If the additional standards are not applied, then it could lead to a significant long-term weakening of privacy standards in government databases. A substantial reduction in privacy protections could be substituted as a new norm, which would be a negative consequence of truncating these protections in the long term.
Another issue in the OMB guidance is the allowance of a 6-month pilot period where the new rules do not apply. Currently, The Work Number is being used within this pilot program. Therefore, the information of the millions of people in this database is being tested and is available for viewing, although it is not supposed to be used for adverse actions during this period. The first substantive test of the new OMB guidance will be how the US Treasury and other participants in the Do Not Pay Initiative apply the guidance to The Work Number as it moves out of the pilot phase.
Before permanent use of The Work Number database can happen, the OMB requirements call for public notice and comment. This is another novel feature of the OMB privacy standards for the Do Not Pay Initiative. OMB should provide ample and prominent public notice and comment opportunity. The public notice should include full documentation about the accuracy, timeliness, relevance, and completeness of The Work Number. An independent audit of The Work Number’s compliance with these data standards would be especially useful. In addition, all of the data fields maintained by The Work Number must be published to allow the public to evaluate whether any of the data reflects on the exercise of First Amendment rights.
If the privacy protections OMB established are effective, it will be an important step forward.

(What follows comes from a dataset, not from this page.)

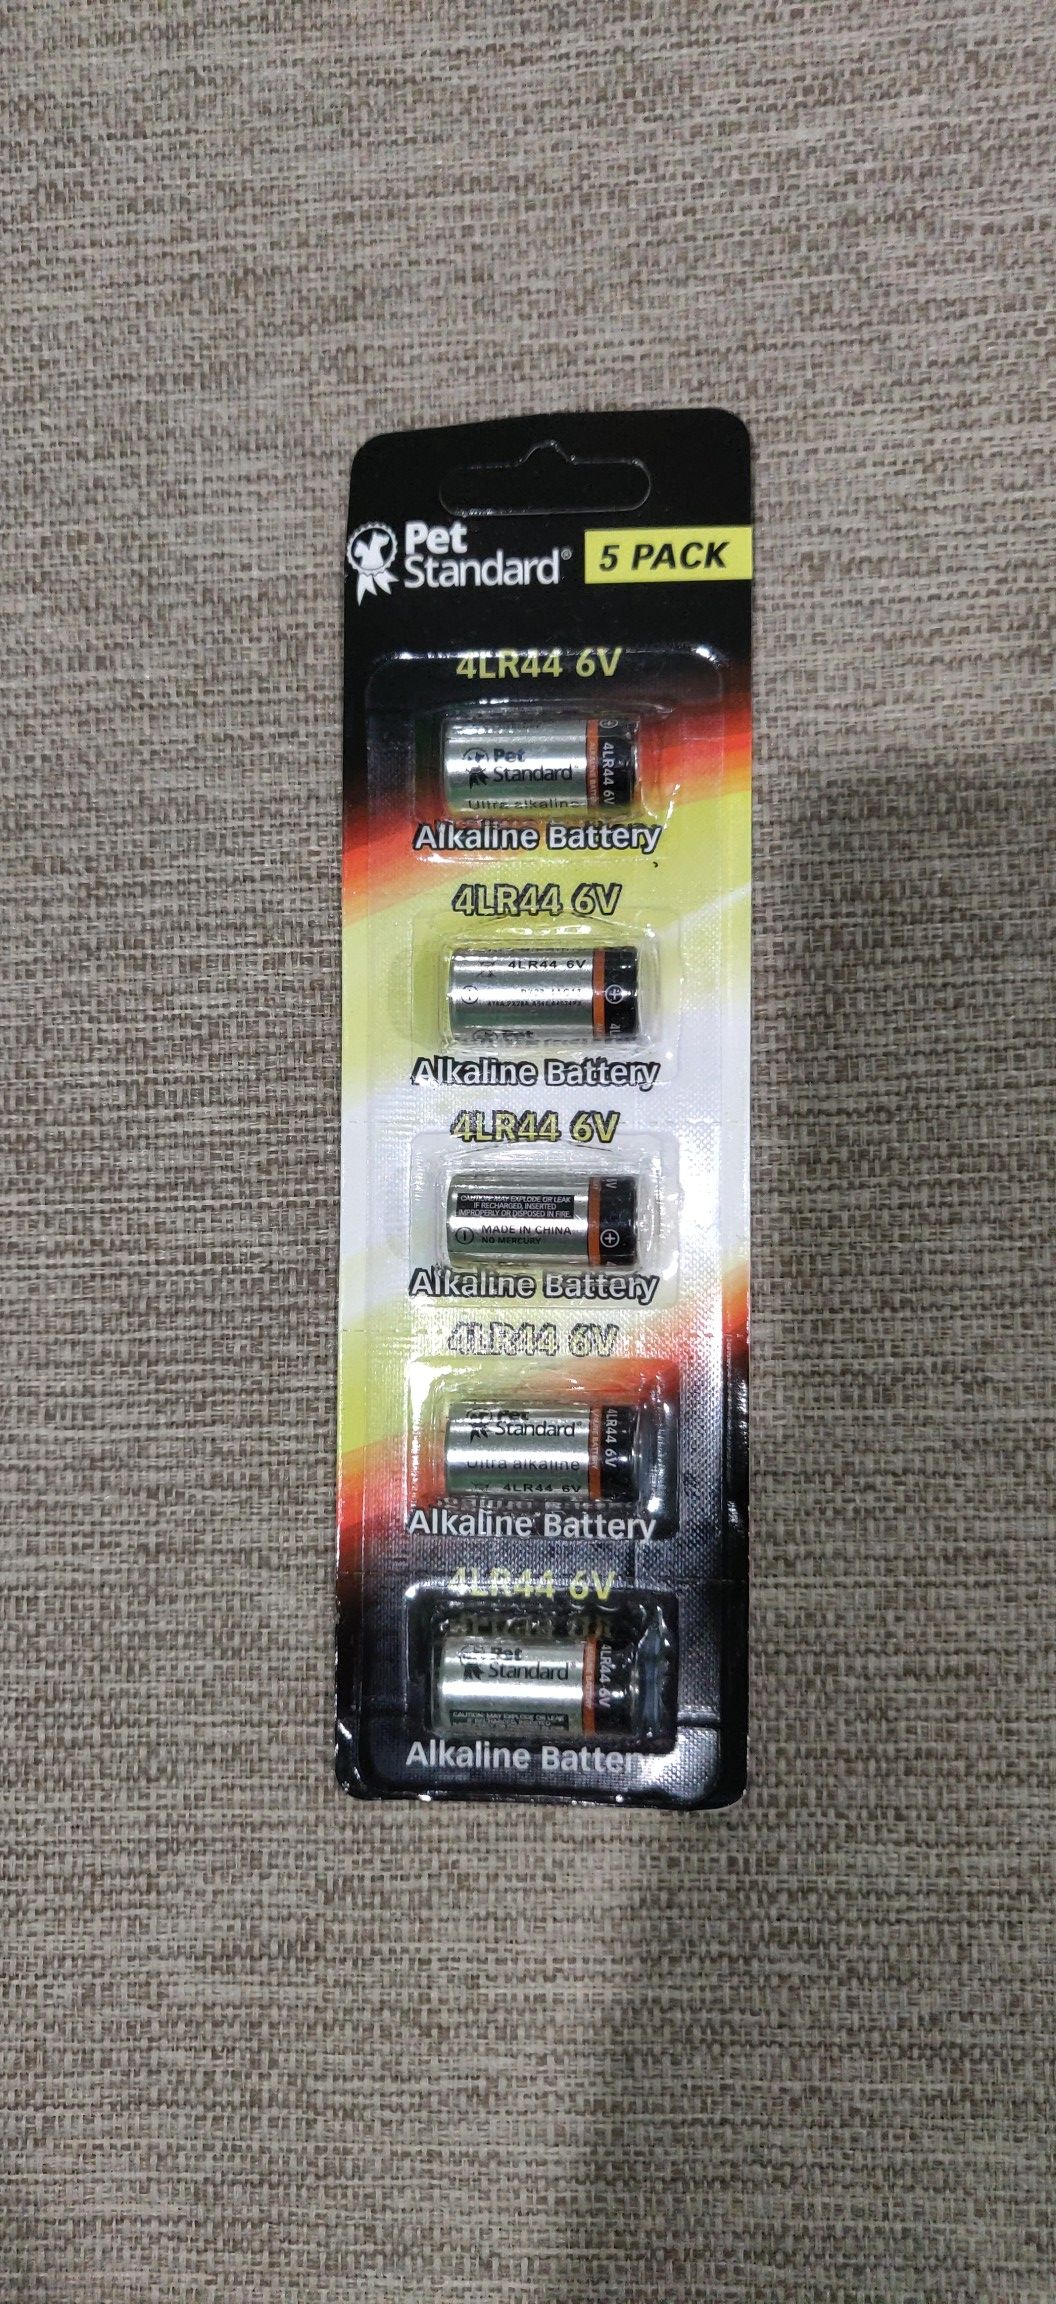 Brand New one pack of 5 batteries for dog collar (4LR44 6V)

At least in the Do Not Pay Initiative, people would have more ability to challenge the information coming from databases such as The Work Number and get redress from problems when they occur. If the OMB guidance was then taken up widely across the federal government and by state governments, the result could be better quality commercial databases for use by governments and by others. There would be fewer errors, less fraud, less government waste, more redress for individuals, and a higher overall standard of modern fair information practices would be set. Data could be used in a fair way that helps, not hurts, people.